The polar caps of the planet, the regulators of the global climate and on which the future of humanity depends, accelerated its alarming evolution in 2022. While the Arctic has lost 40% of the ice it had 44 years ago, Antarctica, which seems more or less safe from this destruction, offered minimal ice cover last year. because there are records.
If there’s one place on the planet where everything is changing at a dizzying speed, it’s the North Pole. As a result of global warming caused by man, the climate does not change as much as there. One of the most visible manifestations of this change is the sharp reduction in snow and ice cover.
A new report from the National Oceanic and Atmospheric Administration (NOAA) examining the evolution of the Arctic over 2022 confirms that this region is warming four times faster than the planet as a whole. This is causing a truly alarming 20% loss of ice and snow every decade.
This Arctic ScorecardAs the name of the report, it also points to: It rains more and it snows less in the Arctic. Most of this rain occurs during the winter months, which is a completely icy period when it has snowed but not rained so far.
This fact is accelerating the loss of sea ice as well as changing the wildlife in the region.
Meanwhile, Greenland ice sheet is accelerating melting, as recently confirmed by other studies. As a result of this process, more and more fresh water enters the sea, causing a net rise in sea level and shifting ocean currents.
Why does it rain at the North Pole?
But why is it raining more in the Arctic now? In reality everything is a feed back chain. The lower the sea ice, the more surface water is exposed, thus adding more moisture to the atmosphere.
In fact, satellites have found that the entire region has lost more than 40% of sea ice coverage during the summer months over the past 44 years.
Moreover, Arctic atmosphere itself is warming more than the rest of the planetand warmer air is easier to cause rain.
And there’s more: the polar soil itself is melting. The so-called permafrost is melting, which is nothing more than the frozen ground on which many populations and infrastructures have settled. and endanger these structures. It also threatens the livelihoods of indigenous peoples.
The very white color of snow helps provide the Arctic’s cool temperature as it reflects most of the solar radiation and returns it back to space. If there is less snow in this area, its surface will be darker and therefore absorb more of the radiation.does not reflect it, thus warming the North Pole more.
What ultimately happens is that the Arctic loses its ability to regulate the earth’s climate, and therefore the consequences will be global.
Antarctica recorded a minimum of ice in 2022
But the problems don’t end there. On the other side of the world, in Antarctica, which until now seemed safe from such a situation, the biggest loss of ice since the record was observed in 2022 was observed in 1978.
Unlike the Arctic, Antarctic sea ice has increased by about one percent every decade since the late 1970s.
But in 2017, this trend was broken. and sea ice in the southern hemisphere recorded a repeating historical minimum in 2022.
On February 25, 2022, at the end of summer in the southern hemisphere, data showed significantly less ice than normal in the Bellingshausen/Amundsen Seas, Weddell Sea, and the western Indian Ocean.

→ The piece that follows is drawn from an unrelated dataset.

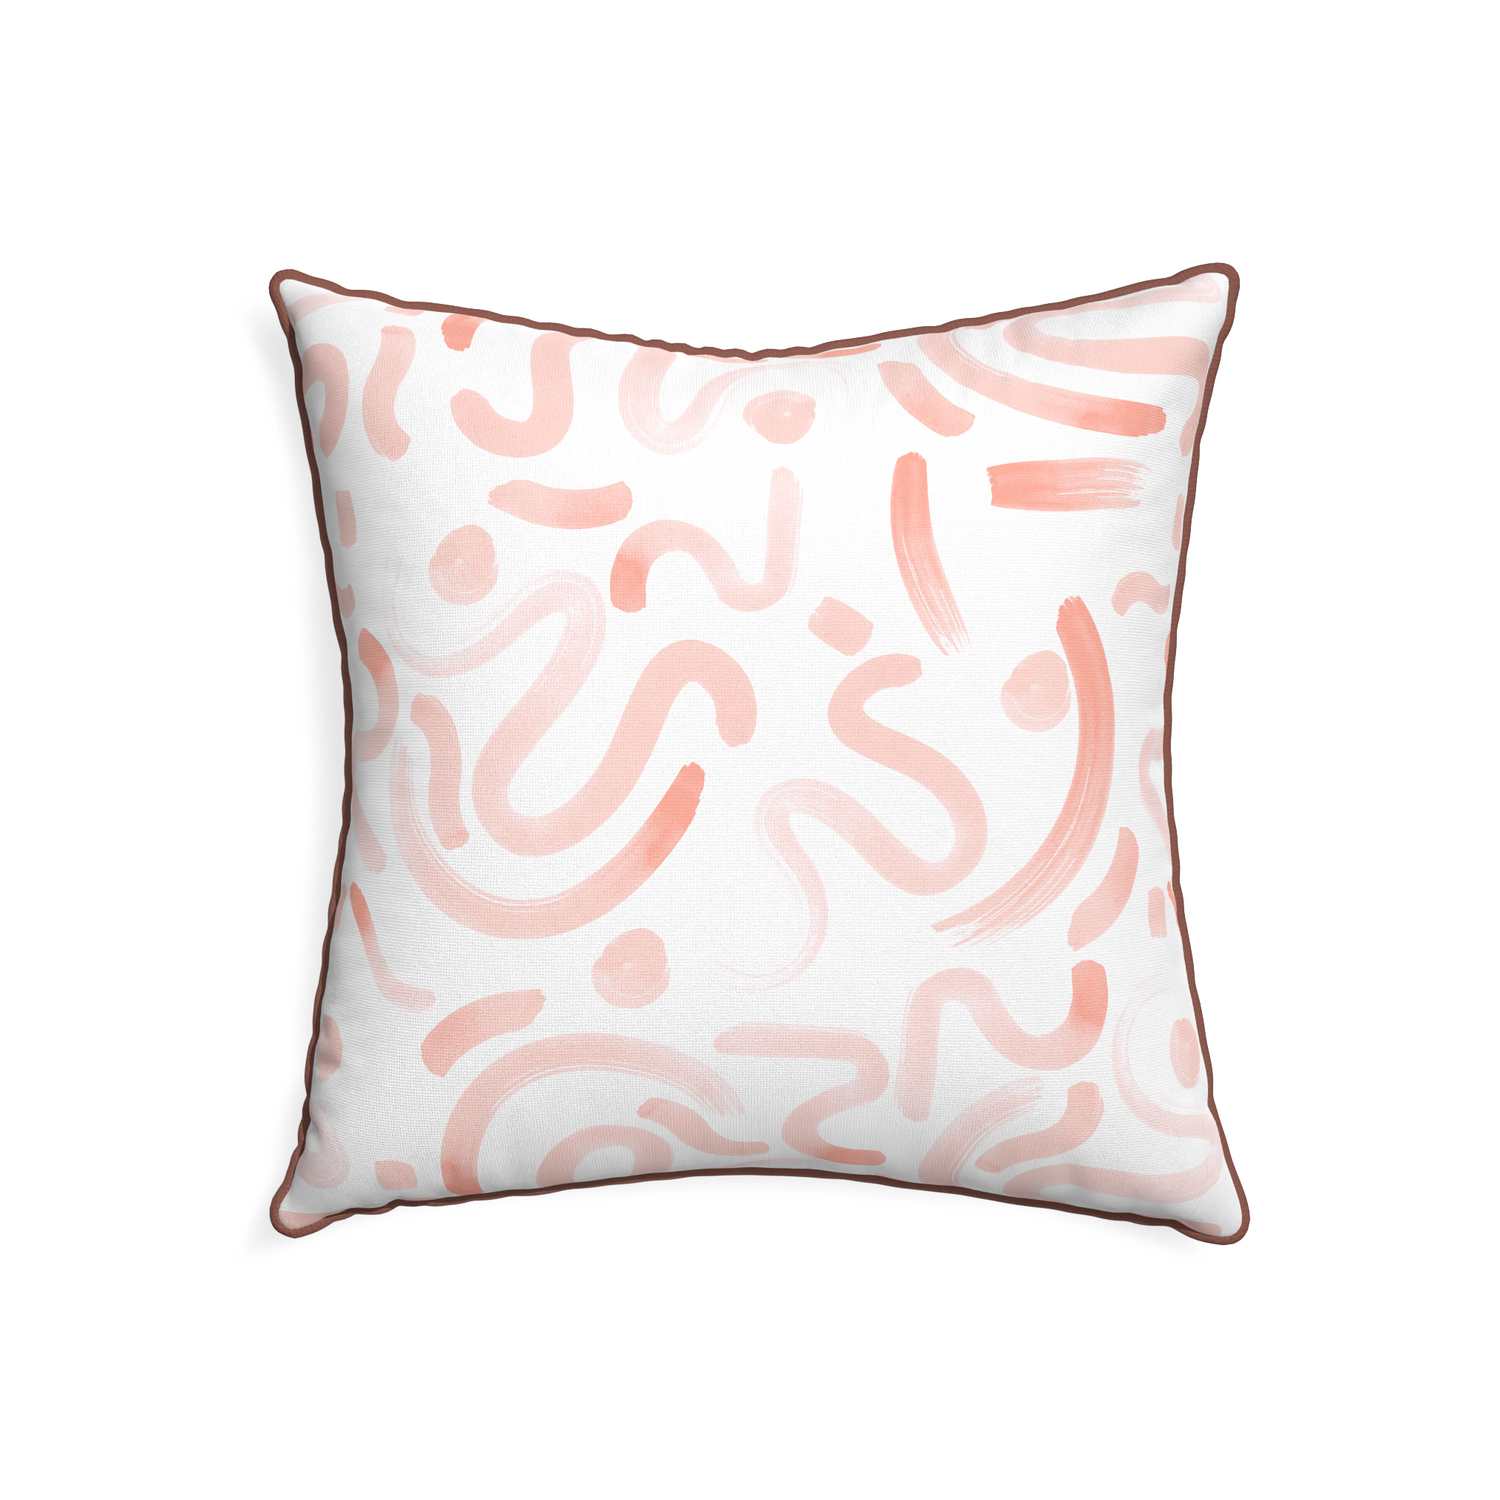 22-square hockney pink custom pillow with w piping on white background
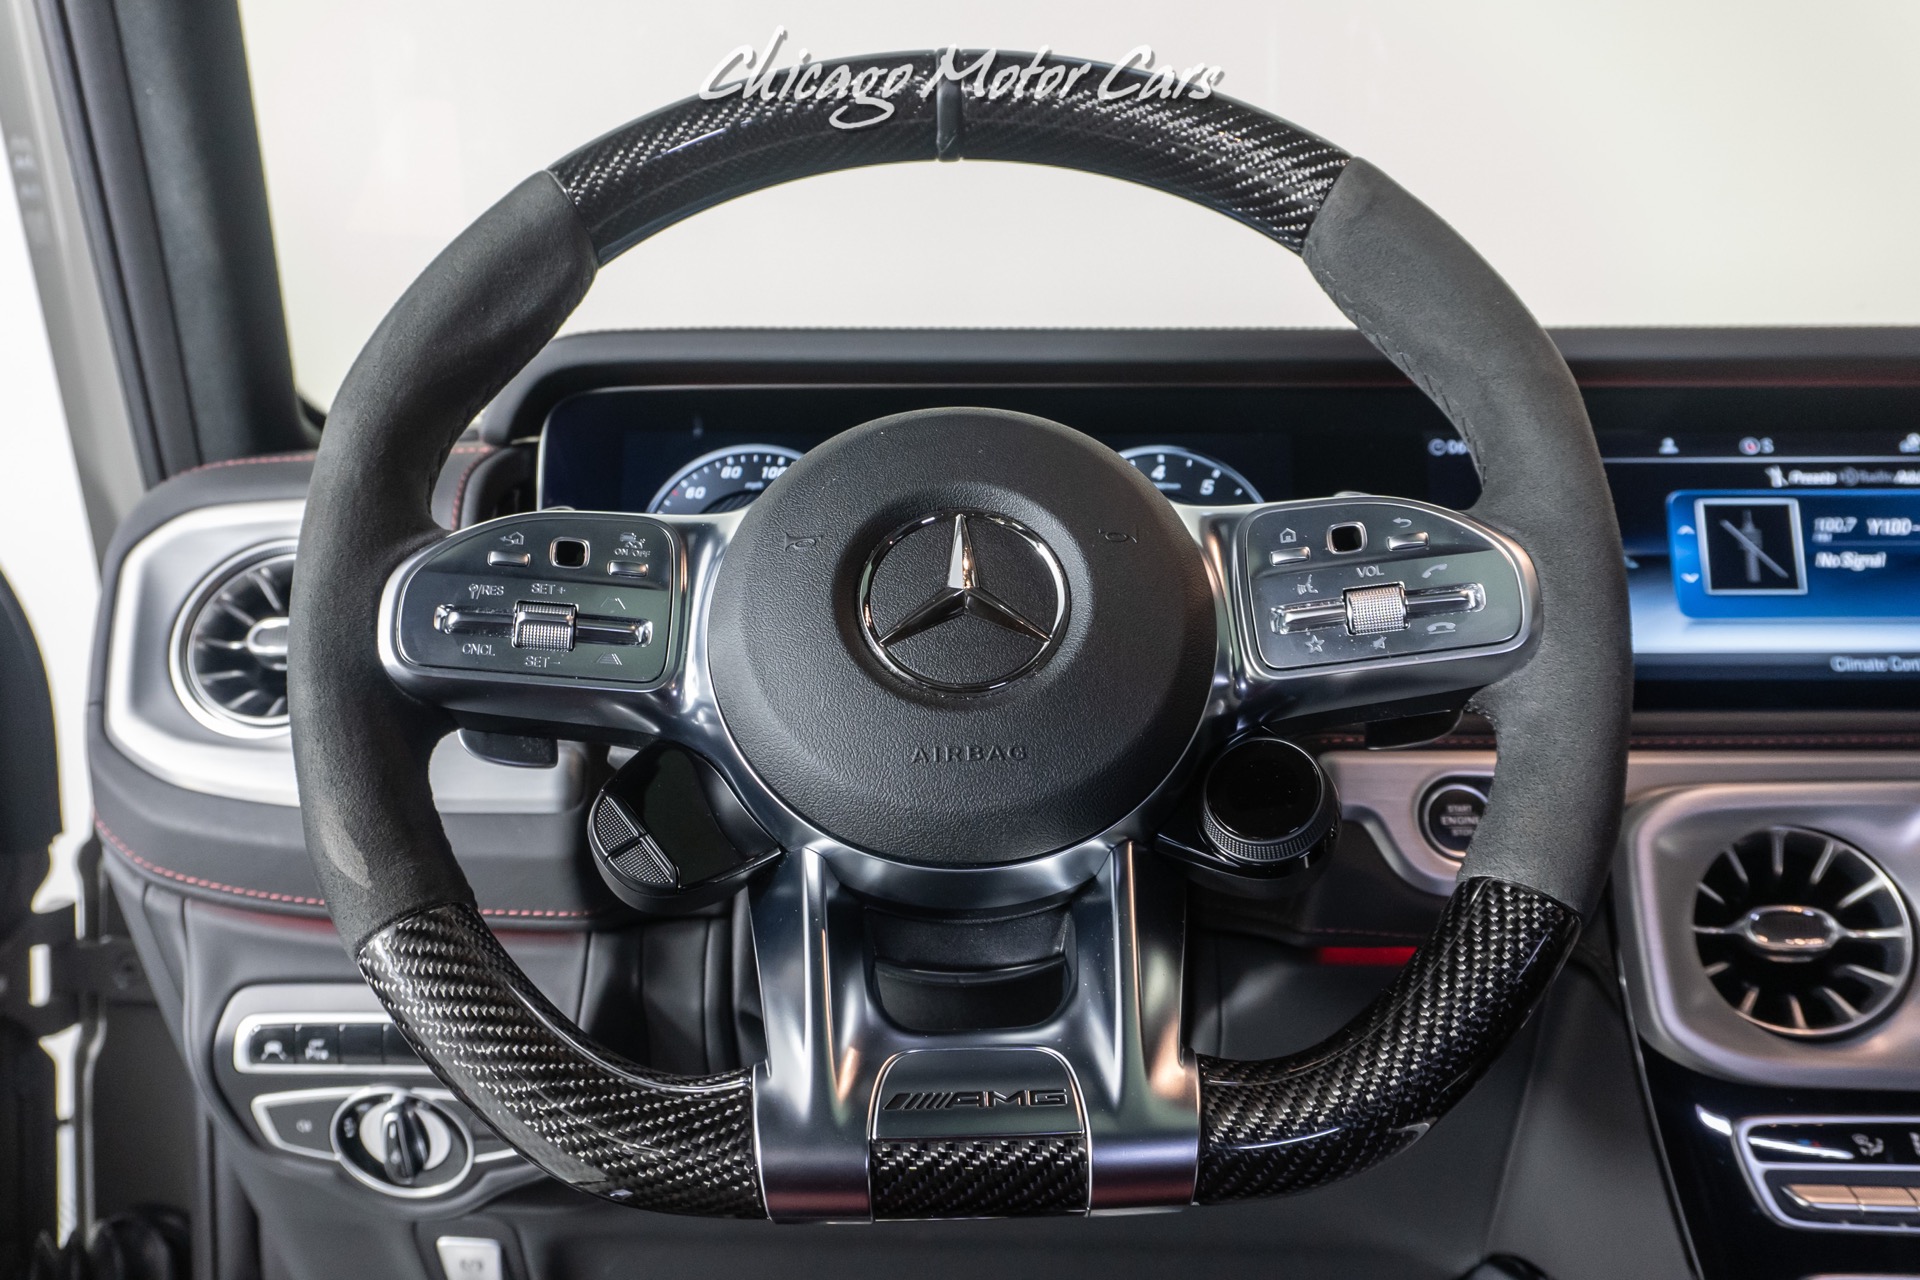 Used-2021-Mercedes-Benz-G-Class-AMG-G63-RARE-G-MANUFAKTUR-INTERIOR-PACKAGE-PLUS-AMG-NIGHT-PACKAGE-LOADED

Moreover, sea ice coverage across the region was 30% below the average for the thirty-year reference period 1981-2010.
In recent years, many reasons have been proposed to explain the variability of Antarctic sea ice, but there is still no scientific consensus and the phenomenon remains theoretical and unexplored.
The emergence of a new minimum in the size of sea ice in such a short time prompted Chinese researchers to investigate what happened and why.
After analyzing the satellite data, they observed that thermodynamics dominates the processes that cause the sea to melt in the summer. Anomalies of polar heat transport in the Bellingshausen/Amundsen seas, the western Pacific Ocean, and the eastern Weddell Sea, especially.
Global infrared radiation also increases with light, temperature, and albedo (the “whiteness” of a surface, because the whiter it is, the greater the reflection of that radiation, and the darker the absorption, the greater).
The water formed by the melting of the ice in Antarctica flows into the sea and directly contributes to the rise in the level of the oceans. all over the planet.